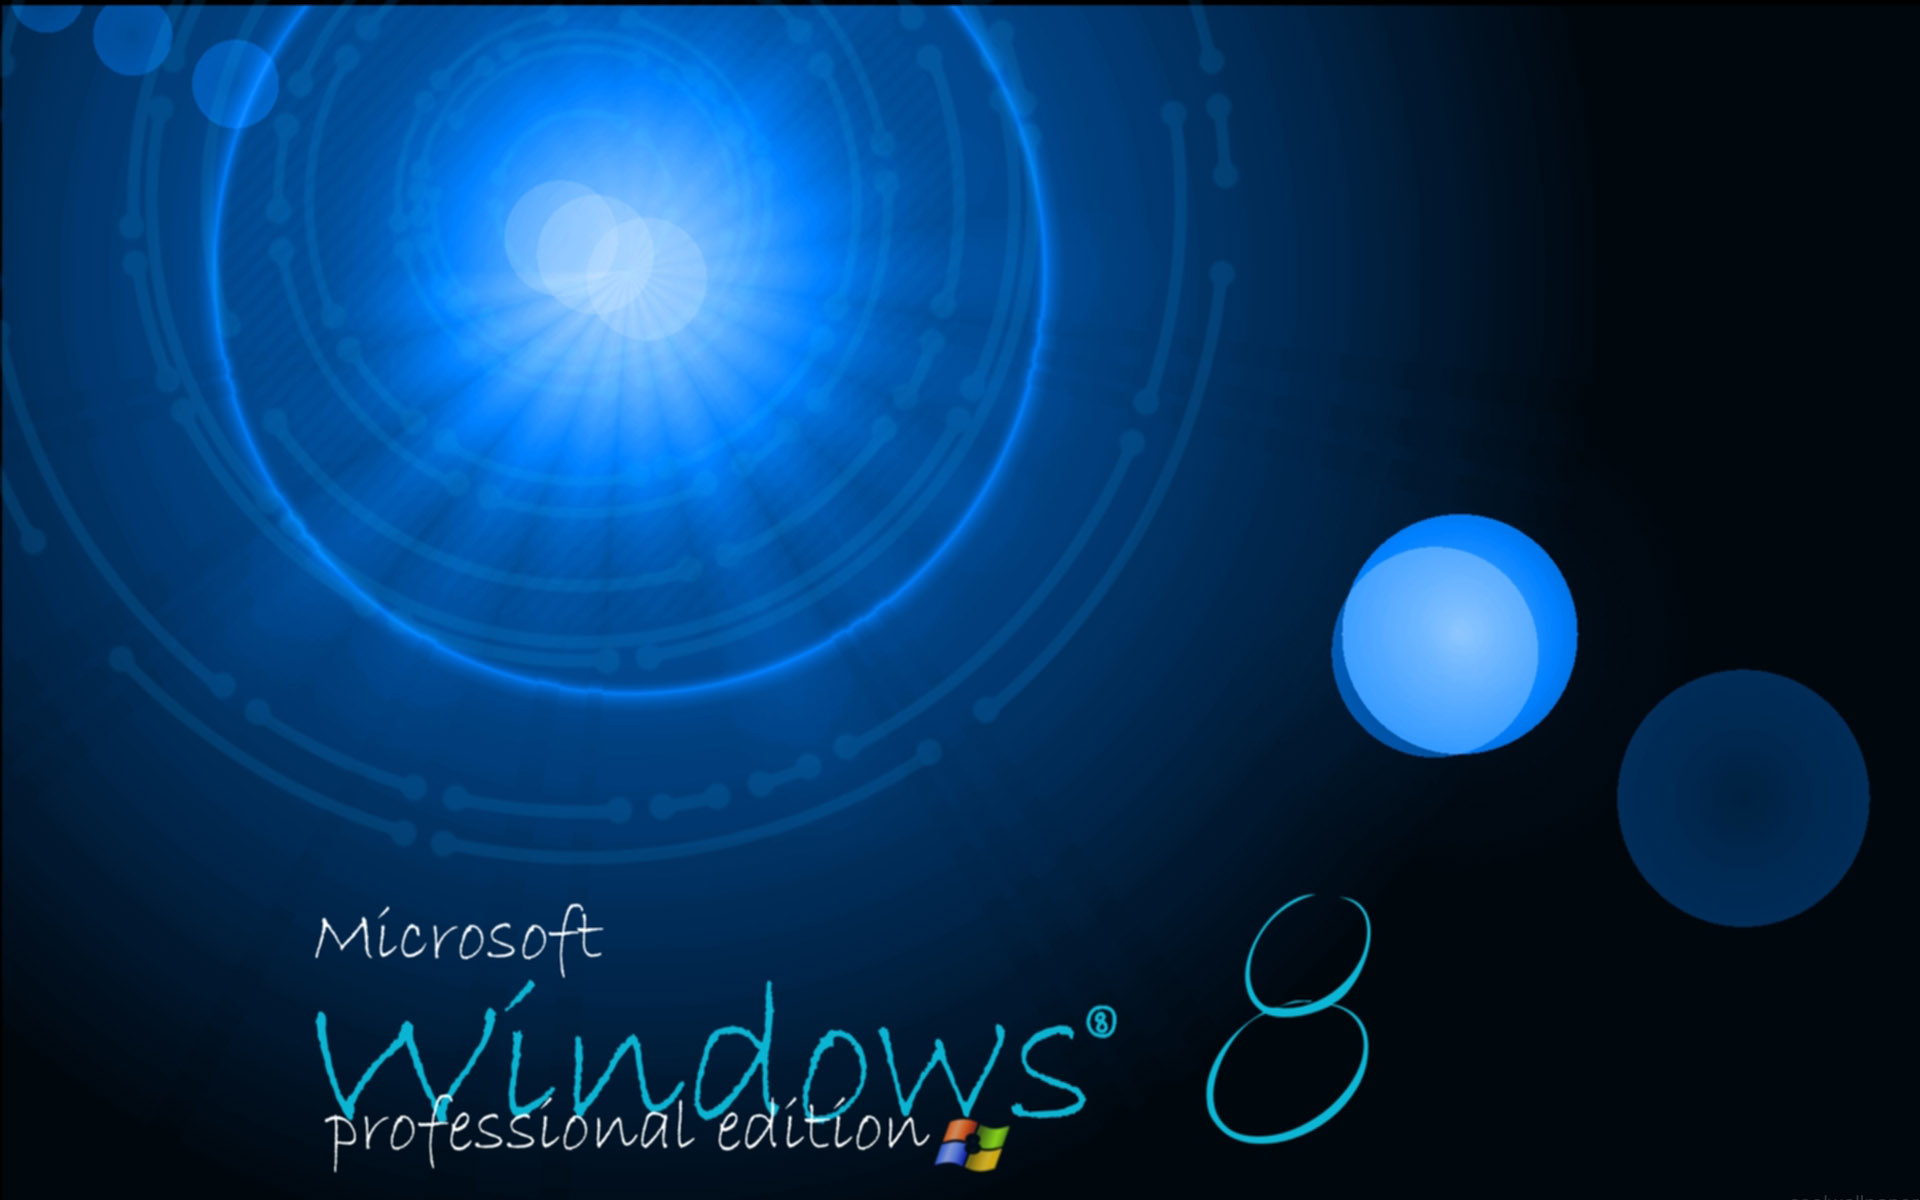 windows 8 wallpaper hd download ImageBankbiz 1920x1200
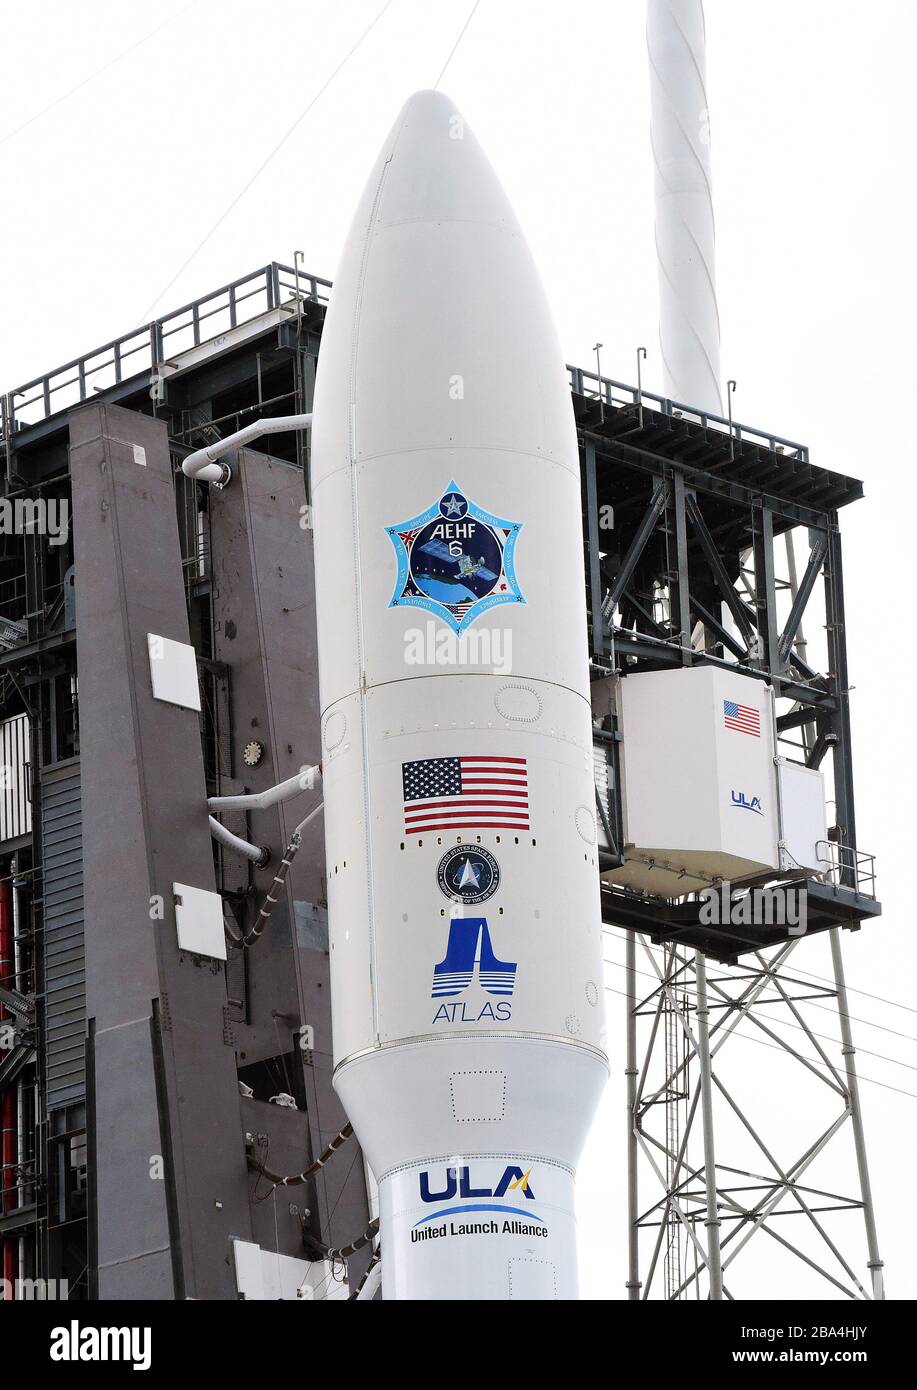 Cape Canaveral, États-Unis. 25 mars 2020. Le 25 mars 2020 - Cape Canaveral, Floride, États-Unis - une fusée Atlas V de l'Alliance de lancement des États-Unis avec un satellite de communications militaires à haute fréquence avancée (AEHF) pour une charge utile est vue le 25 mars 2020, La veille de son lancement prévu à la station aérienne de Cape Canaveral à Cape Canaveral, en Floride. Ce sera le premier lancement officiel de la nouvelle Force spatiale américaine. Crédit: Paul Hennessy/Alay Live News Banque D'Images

==

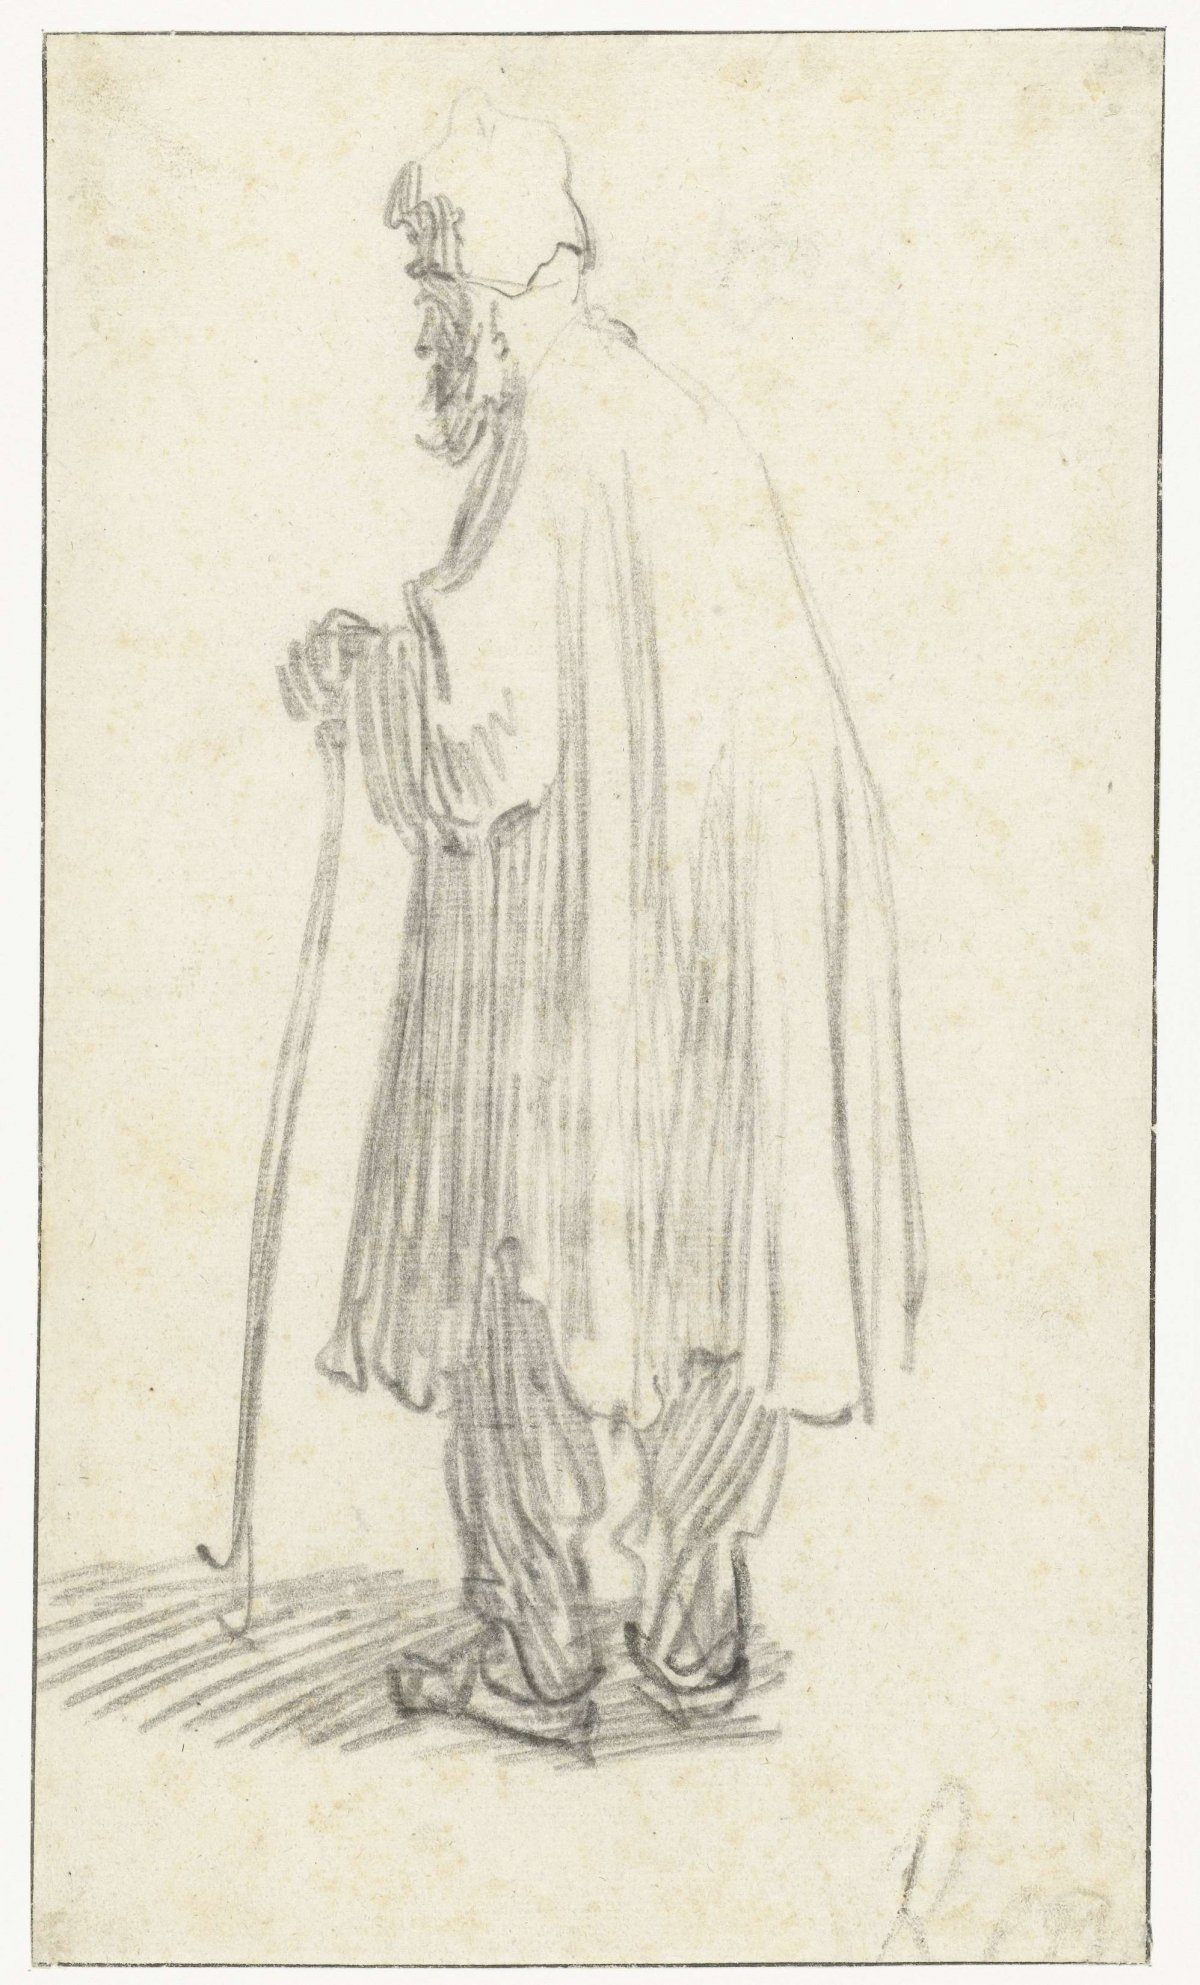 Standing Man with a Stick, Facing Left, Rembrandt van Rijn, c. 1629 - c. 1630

==

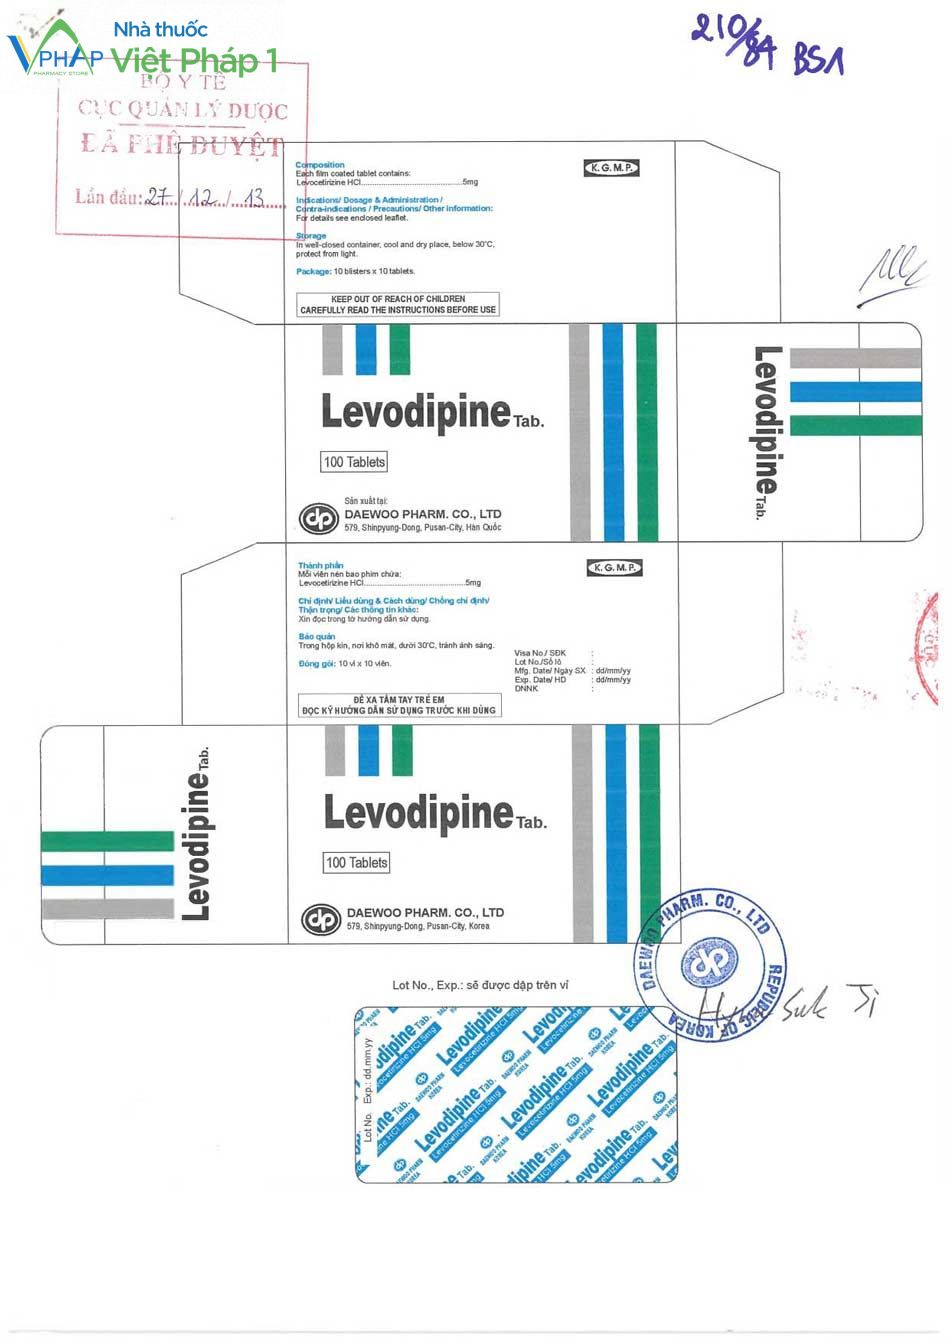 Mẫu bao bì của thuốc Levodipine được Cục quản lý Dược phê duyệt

**WHAT IS EXPECTED:**
In the records above, find the line with "windows 8 wallpaper" and the line with "Cape Canaveral, États-Unis.", then restate word for word only those two lines and all lines between, omitting pictures.

**RESPONSE TO THE EXERCISE:**
 windows 8 wallpaper hd download ImageBankbiz 1920x1200
 Cape Canaveral, États-Unis. 25 mars 2020. Le 25 mars 2020 - Cape Canaveral, Floride, États-Unis - une fusée Atlas V de l'Alliance de lancement des États-Unis avec un satellite de communications militaires à haute fréquence avancée (AEHF) pour une charge utile est vue le 25 mars 2020, La veille de son lancement prévu à la station aérienne de Cape Canaveral à Cape Canaveral, en Floride. Ce sera le premier lancement officiel de la nouvelle Force spatiale américaine. Crédit: Paul Hennessy/Alay Live News Banque D'Images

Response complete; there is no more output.